As China steps up pressure on Taiwan, the self-governing island Xi has vowed to one day claim, the United States has expanded its military presence in Asia. It recently signed a defense pact with the Philippines and opened another base in Guam. China’s concerns over US military encirclement come as Russia protests North Atlantic Treaty Organization forces closing in on its borders.

In this context, Xi refused to condemn Putin’s war. Instead, China has provided economic and diplomatic shelter for Moscow by buying its products cheaply and through political engagement.
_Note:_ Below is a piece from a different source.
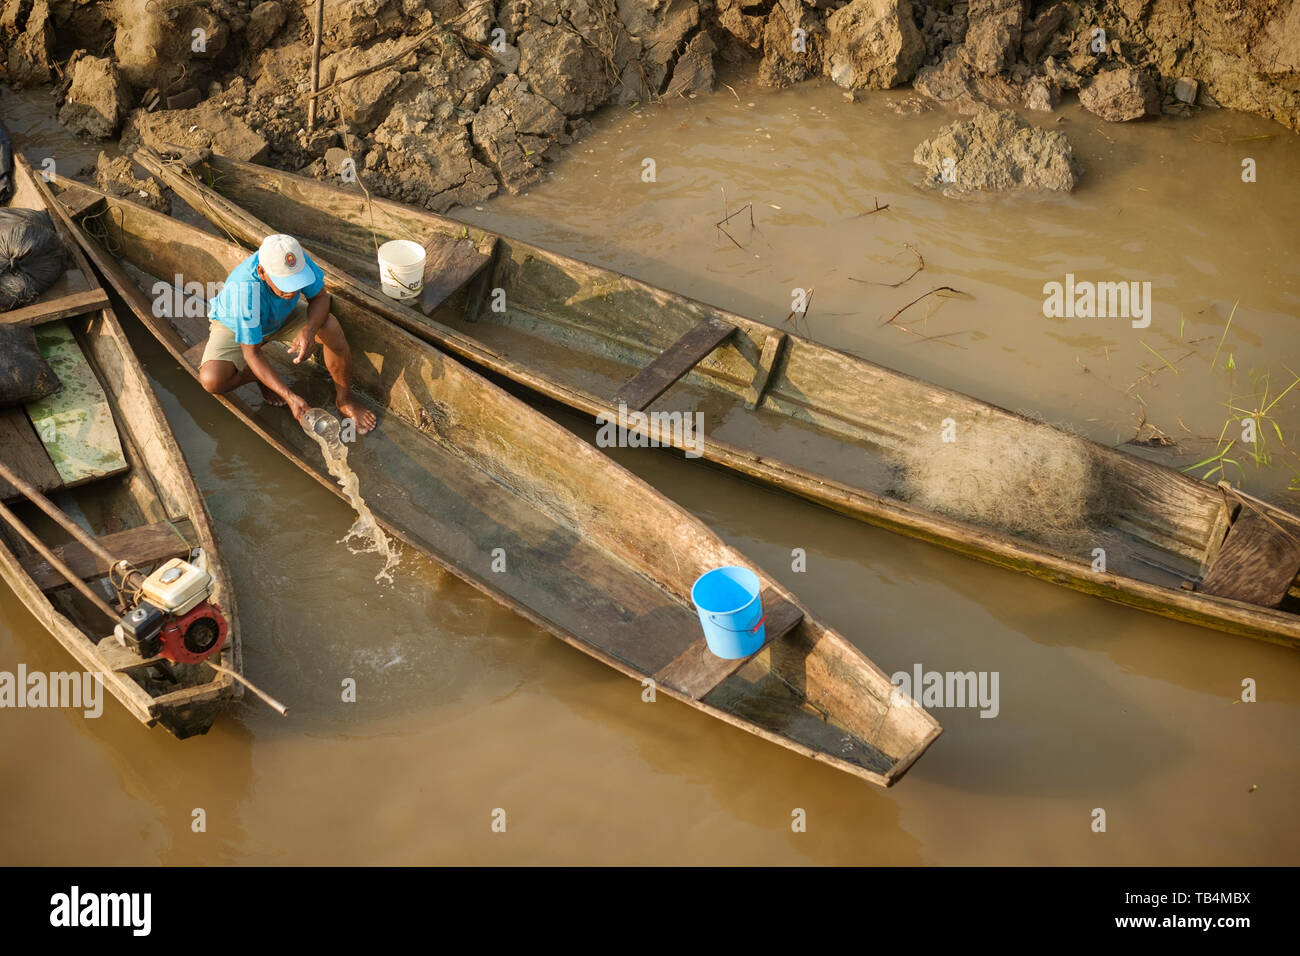 Man bailing water from his wooden boat docked on the riverbank of the Ucayali River, Peruvian Amazon Basin, Loreto Department, Peru Stock Photo

The Chinese leader’s only trip abroad this year so far was to Moscow.

At the same time, China has frozen high-level military dialogue with the United States over sanctions it imposed on Defense Minister Li Shangfu for a Russian arms purchase in 2018. The United States and China have not held joint exercises since 2020, and those involved in disaster response. The risky interactions between their armies have raised fears that an accident could lead to a confrontation.

China and Russia have a tumultuous defense history that is marred by suspicion and includes a months-long conflict along their long border in the 1960s. The recent improvement in confidence came in 2015, after the United States United and Europe imposed sanctions on Russia for seizing Crimea the previous year.

These moves, along with US criticism of Beijing’s military expansionism in the South China Sea, have prompted both sides to seek alternative defense partners. This has caused some U.S. policymakers to express concern. China and Russia now have a de facto alliance, according to a February report to Congress.

Russia and China have conducted at least 36 exercises together following Putin’s annexation of Crimea, according to the NDU and a tally by Bloomberg News. That compares to just ten exercises in the decade to 2014.

Putin’s 2019 announcement that Russia would help China build a system to warn of ballistic missile launches was “unprecedented,” Korolev said, and signaled a new degree of defense cooperation. Such systems require both ground radars and space satellites.

“Putin and Xi have managed to mitigate, if not eliminate, the existing psychological and political barriers to closer cooperation,” he added.

political message

Exercises between Russia and China are generally smaller than those between the United States and its allies. The United States and the Philippines recently held their largest-ever exercises with more than 17,000 troops.

But China’s exercises with Russia are often loaded with political significance.

Their annual drills around Japan, for example, aggravate a democracy with which the two countries have a territorial dispute. In 2019, the air forces of both countries staged their first long-range bomber air patrols in the Indo-Pacific. Japan dispatched planes in response, while South Korea said the drills had entered its air defense identification zone. Both countries are key security partners for the United States.

On Saturday, China said Russia would soon send its naval and air forces to take part in an annual joint exercise taking place in the middle of the Sea of ​​Japan. The People’s Liberation Army said the exercise aimed to enhance strategic coordination between the two armies, as well as their abilities to maintain regional peace and stability and respond to various security issues.

“These exercises will become more frequent, more politically charged and will have a lot of political signaling value,” said Andrew Taffer, a researcher at the NDU’s Center for the Study of China Military Affairs. “It suggests the possibility that they could work together in ways that the United States and its allies find distasteful, even offensive.”

While Russia and China have not conducted joint exercises around Taiwan, last month two Russian warships cruised along the island’s east coast in a rare transit, before passing the Japanese island of Okinawa where there is a large American base. The ships were en route to a stopover in Shanghai.

Yet Putin’s war in Ukraine has exposed Moscow’s limitations as a potential military partner. That’s unlikely to deter long-term ties because Xi doesn’t have a good replacement, according to Elizabeth Wishnick, a political science professor at Montclair State University.

“If there were to be a crisis or a conflict in Asia,” she said, “there is a chance that China and Russia will help each other.”